The building’s architectural features — its exterior grid of granite and Vermont marble panels, six-story glass stack tower, and sculpture garden by sculptor Isamu Noguchi — have been refurbished to fully preserve architect Gordon Bunshaft’s modernist masterpiece, which opened in October 1963. Chicago-based HBRA Architects led the design work. New Haven-based Newman Architects was also heavily involved in the project.

The library operated a temporary reading room and classroom in Sterling Memorial Library from May 2015 through July, providing researchers, faculty, and students access to collection material. The libraries’ access services staff would don hardhats and safety goggles to pass through construction zones on their way to retrieve collection material from protected areas in the building’s basement. 

The day the library reopened, students occupied the couches and chairs on the library’s mezzanine level, surrounded by the translucent marble and the volumes lining the stack tower.

The bulk of the renovation involved upgrading the library’s mechanical infrastructure — its plumbing, electrical, heating, and cooling systems — much of which was original to the building. Machinery in the building’s sub-basement, including room-sized air handlers and chillers, was replaced with state-of-the-art equipment. The building’s security and fire-suppression systems were also upgraded. New lighting was installed in the stack tower.

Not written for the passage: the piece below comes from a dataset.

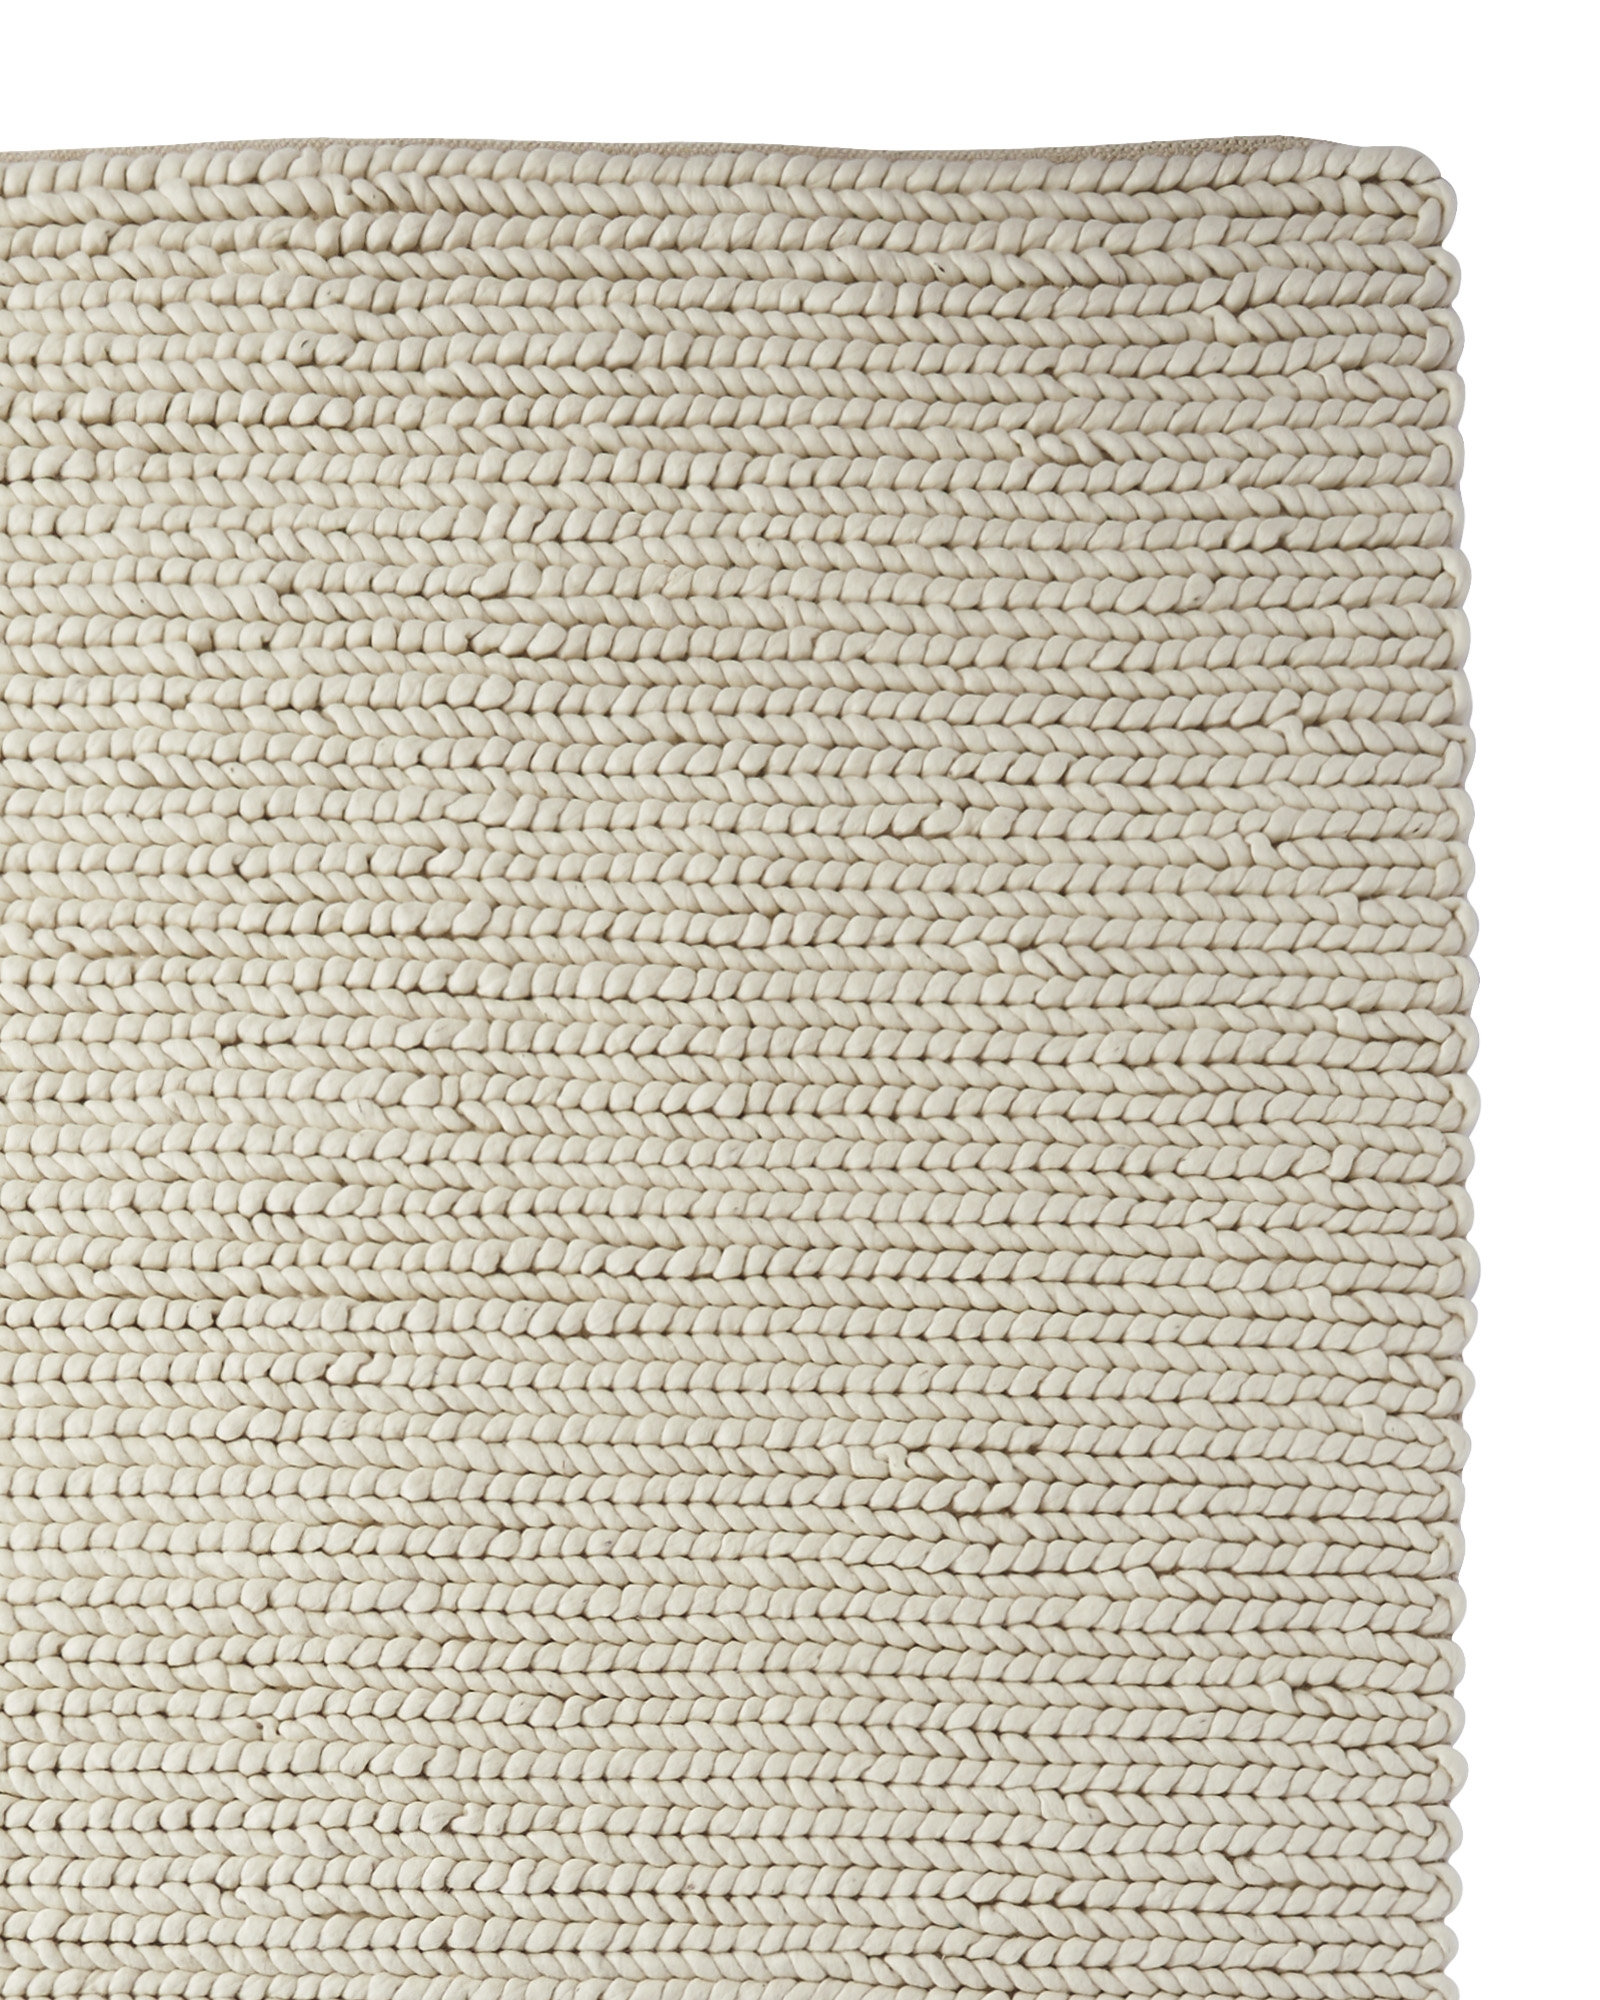 Braided Wool Rug - Ivory - 9' x 12' - Image 1

Barbara Shailor, senior research scholar and senior lecturer in the Department of Classics and a former director of the Beinecke Library, said she was “eager” to return to the reading room.

“I’m a little choked up about this,” said Shailor, former deputy provost for the arts who first visited the Beinecke as an intern in 1970. “Those were a hard 16 months.”

The Beinecke will host an open house for Yale students on Saturday, Sept. 24, and will open its doors to public for a community day on Saturday, Oct. 8 from 10 a.m. to 4 p.m.

The Beinecke Rare Book & Manuscript Library, located at 121 Wall St. in New Haven, is one of the world’s largest libraries devoted entirely to rare books and manuscripts and is Yale’s principal repository for literary archives, early manuscripts, and rare books.